Friday, Jan. 29, 1965

Testing a New High

The stock market tried last week to hurdle the magical 900 mark on the Dow-Jones industrial averages but at the last moment shied away like a nervous horse. Twice during the week, while Wall Street watched with fascinated suspense, the market edged above 900 for brief periods during the day. Each time, however, scared that it had gone too high too fast, it retreated. After eleven straight days of advance, it closed on the day before President Johnson's oath-taking at 896.27, a new record, then eased off to end the week below 894.

Underestimated Impact? The Dow-Jones 900 is a strong resistance point, and stocks may have to test it several times. President Johnson's hospitalization could have unsettling effects upon a market that likes Johnson and dislikes uncertainty. But presuming that Johnson recovers quickly, many Wall Streeters expect that the 900 mark will have to surrender before long.
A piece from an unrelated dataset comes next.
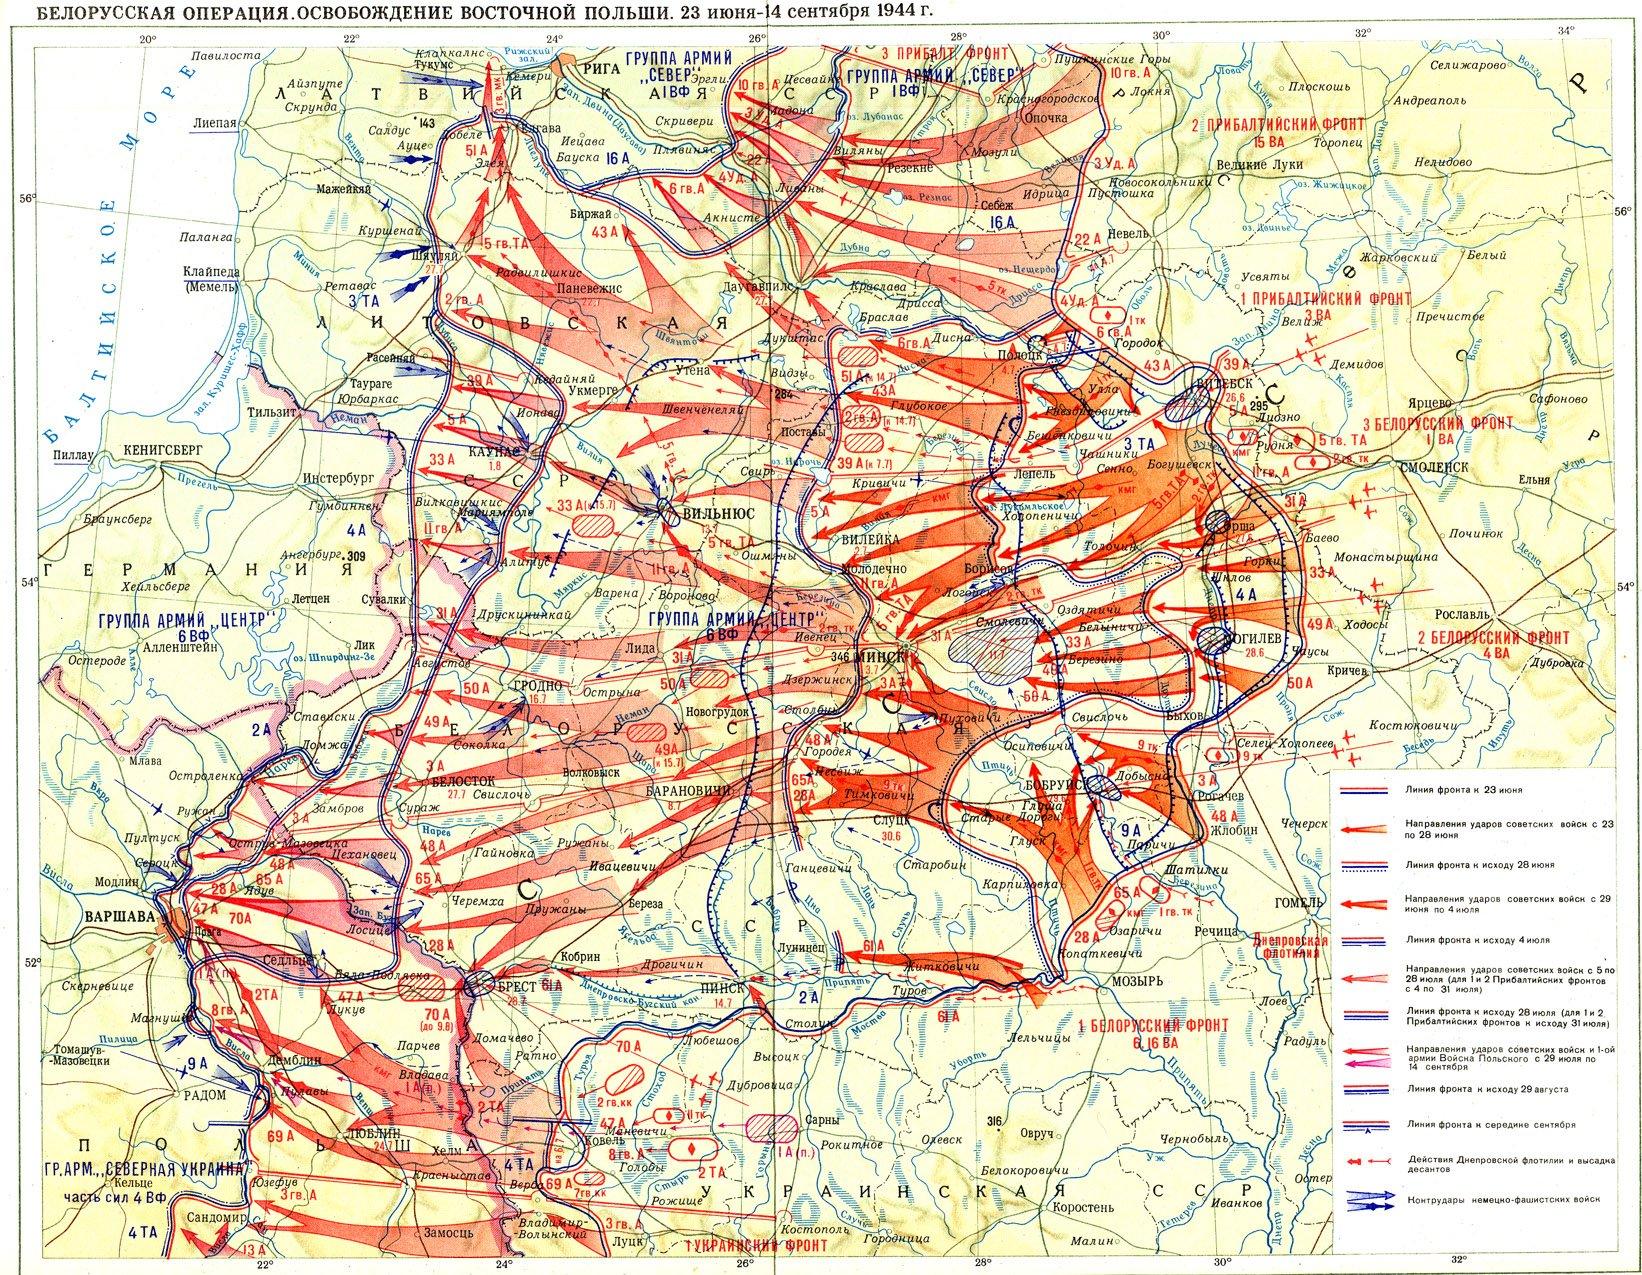 作戦 バグラチオン 1944年のバグラチオン作戦は、ドイツ軍が機動防御を実施していたら少な

A good deal depends on how investors receive this week's budget and economic messages from the President. Said Goodbody & Co. in a market letter to its customers: "It may be that we have somewhat underestimated the bullish impact that the Great Society concept seems to be having on the investment public."

Investors have also been impressed by the continued advance of the U.S. economy. Early last week stocks were lifted by the Commerce Department's reports on economic performance in December: factory orders rose 5%, housing starts 8% and personal income almost 1% to a record $506 billion.

Department-store shares climbed on the Street on news that retail sales in January were running well ahead of the same period last year. Auto stocks did well because Detroit's production so far in 1965 is 7% ahead of last year's rate; this week output will be 17% higher than in the same week a year ago.

Better Stocks. Good business news seems to be having a particularly strong impact upon the small investors who buy in "odd lots" of fewer than 100 shares. For the first time since they were badly singed in the 1962 crash, they are beginning to re-enter the market in significant numbers. On almost every trading day this year, odd-lots investors have bought more shares than they sold. And they are not investing in cheap stocks: the average stock bought in an odd lot now costs $52 v. $39 for the average share bought in round lots.

The little man may give the market a needed lift, but the market's future will still be determined largely by the huge and growing institutional investors. Last year the market was swelled by $2 billion from pension funds, $1.3 billion from such mutual funds as Massachusetts Investors Trust (see Management) and hundreds of millions more from other institutions. The institutions hold about 15% of the nation's $650 billion worth of common and preferred stocks, and such companies as G.M., A.T. & T., G.E. and IBM each have about 1,000 institutional investors. The institutions have more money than ever to invest these days, but their managers have put much of the cash into Government bonds while they shop around for bargain-priced stocks. If they decide that the market is good for further gains, that decision could keep the market rising for quite a while.